Gather, from the data below, each line in which the word "clip" occurs.

--- DATA SECTION Enclosed Below ---

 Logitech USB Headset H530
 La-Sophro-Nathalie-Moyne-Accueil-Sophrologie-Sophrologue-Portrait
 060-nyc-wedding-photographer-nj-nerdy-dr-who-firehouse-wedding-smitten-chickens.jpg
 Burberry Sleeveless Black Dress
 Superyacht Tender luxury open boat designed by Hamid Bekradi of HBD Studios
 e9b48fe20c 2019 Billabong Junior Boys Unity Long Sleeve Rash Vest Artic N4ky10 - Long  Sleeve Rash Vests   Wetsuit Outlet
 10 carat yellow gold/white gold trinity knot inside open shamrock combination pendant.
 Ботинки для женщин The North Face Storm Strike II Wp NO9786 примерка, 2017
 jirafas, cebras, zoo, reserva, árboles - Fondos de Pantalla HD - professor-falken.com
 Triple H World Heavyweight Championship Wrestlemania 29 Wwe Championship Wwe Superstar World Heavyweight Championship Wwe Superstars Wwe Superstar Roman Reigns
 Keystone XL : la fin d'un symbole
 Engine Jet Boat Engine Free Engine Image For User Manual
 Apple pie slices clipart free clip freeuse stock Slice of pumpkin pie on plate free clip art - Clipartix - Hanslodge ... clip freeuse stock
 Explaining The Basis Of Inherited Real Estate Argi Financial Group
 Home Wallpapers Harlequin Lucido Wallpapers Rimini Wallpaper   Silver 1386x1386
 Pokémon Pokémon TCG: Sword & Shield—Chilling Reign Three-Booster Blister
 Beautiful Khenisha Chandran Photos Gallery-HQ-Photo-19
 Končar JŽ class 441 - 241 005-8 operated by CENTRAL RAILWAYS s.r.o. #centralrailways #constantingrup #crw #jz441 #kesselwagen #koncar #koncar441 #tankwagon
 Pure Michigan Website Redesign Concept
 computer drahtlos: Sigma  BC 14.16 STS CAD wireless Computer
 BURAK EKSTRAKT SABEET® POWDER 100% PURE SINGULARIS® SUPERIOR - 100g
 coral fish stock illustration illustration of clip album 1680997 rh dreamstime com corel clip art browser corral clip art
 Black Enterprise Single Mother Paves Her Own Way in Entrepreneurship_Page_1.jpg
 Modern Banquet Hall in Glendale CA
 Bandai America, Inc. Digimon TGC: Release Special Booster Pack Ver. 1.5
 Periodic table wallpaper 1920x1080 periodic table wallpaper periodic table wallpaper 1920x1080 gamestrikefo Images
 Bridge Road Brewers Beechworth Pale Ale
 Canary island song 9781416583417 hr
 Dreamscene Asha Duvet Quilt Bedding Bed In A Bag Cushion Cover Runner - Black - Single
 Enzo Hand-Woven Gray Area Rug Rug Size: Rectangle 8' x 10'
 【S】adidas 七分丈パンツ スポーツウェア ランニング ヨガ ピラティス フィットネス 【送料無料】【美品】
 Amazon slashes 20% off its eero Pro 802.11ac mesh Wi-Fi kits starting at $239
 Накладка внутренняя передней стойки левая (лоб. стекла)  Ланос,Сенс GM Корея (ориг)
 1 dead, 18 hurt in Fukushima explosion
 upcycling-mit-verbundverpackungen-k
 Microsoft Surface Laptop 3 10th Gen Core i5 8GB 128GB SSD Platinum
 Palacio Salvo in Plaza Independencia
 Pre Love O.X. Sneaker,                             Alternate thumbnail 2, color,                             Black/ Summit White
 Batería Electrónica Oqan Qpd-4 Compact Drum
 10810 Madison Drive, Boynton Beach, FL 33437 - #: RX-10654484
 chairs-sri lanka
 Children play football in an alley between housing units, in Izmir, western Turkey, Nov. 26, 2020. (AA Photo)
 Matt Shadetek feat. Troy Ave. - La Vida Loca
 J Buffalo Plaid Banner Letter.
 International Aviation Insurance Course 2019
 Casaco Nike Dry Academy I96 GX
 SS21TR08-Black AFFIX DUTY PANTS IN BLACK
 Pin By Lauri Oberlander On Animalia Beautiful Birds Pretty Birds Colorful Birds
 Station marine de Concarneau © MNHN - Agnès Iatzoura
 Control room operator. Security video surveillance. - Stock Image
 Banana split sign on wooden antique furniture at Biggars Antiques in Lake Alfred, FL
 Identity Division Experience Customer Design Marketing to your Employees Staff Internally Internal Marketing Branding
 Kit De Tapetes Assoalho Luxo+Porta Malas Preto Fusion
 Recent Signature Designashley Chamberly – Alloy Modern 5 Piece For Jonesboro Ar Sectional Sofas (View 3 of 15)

--- End of Enclosed DATA SECTION ---

EXPECTED ANSWER »
 Apple pie slices clipart free clip freeuse stock Slice of pumpkin pie on plate free clip art - Clipartix - Hanslodge ... clip freeuse stock
 coral fish stock illustration illustration of clip album 1680997 rh dreamstime com corel clip art browser corral clip art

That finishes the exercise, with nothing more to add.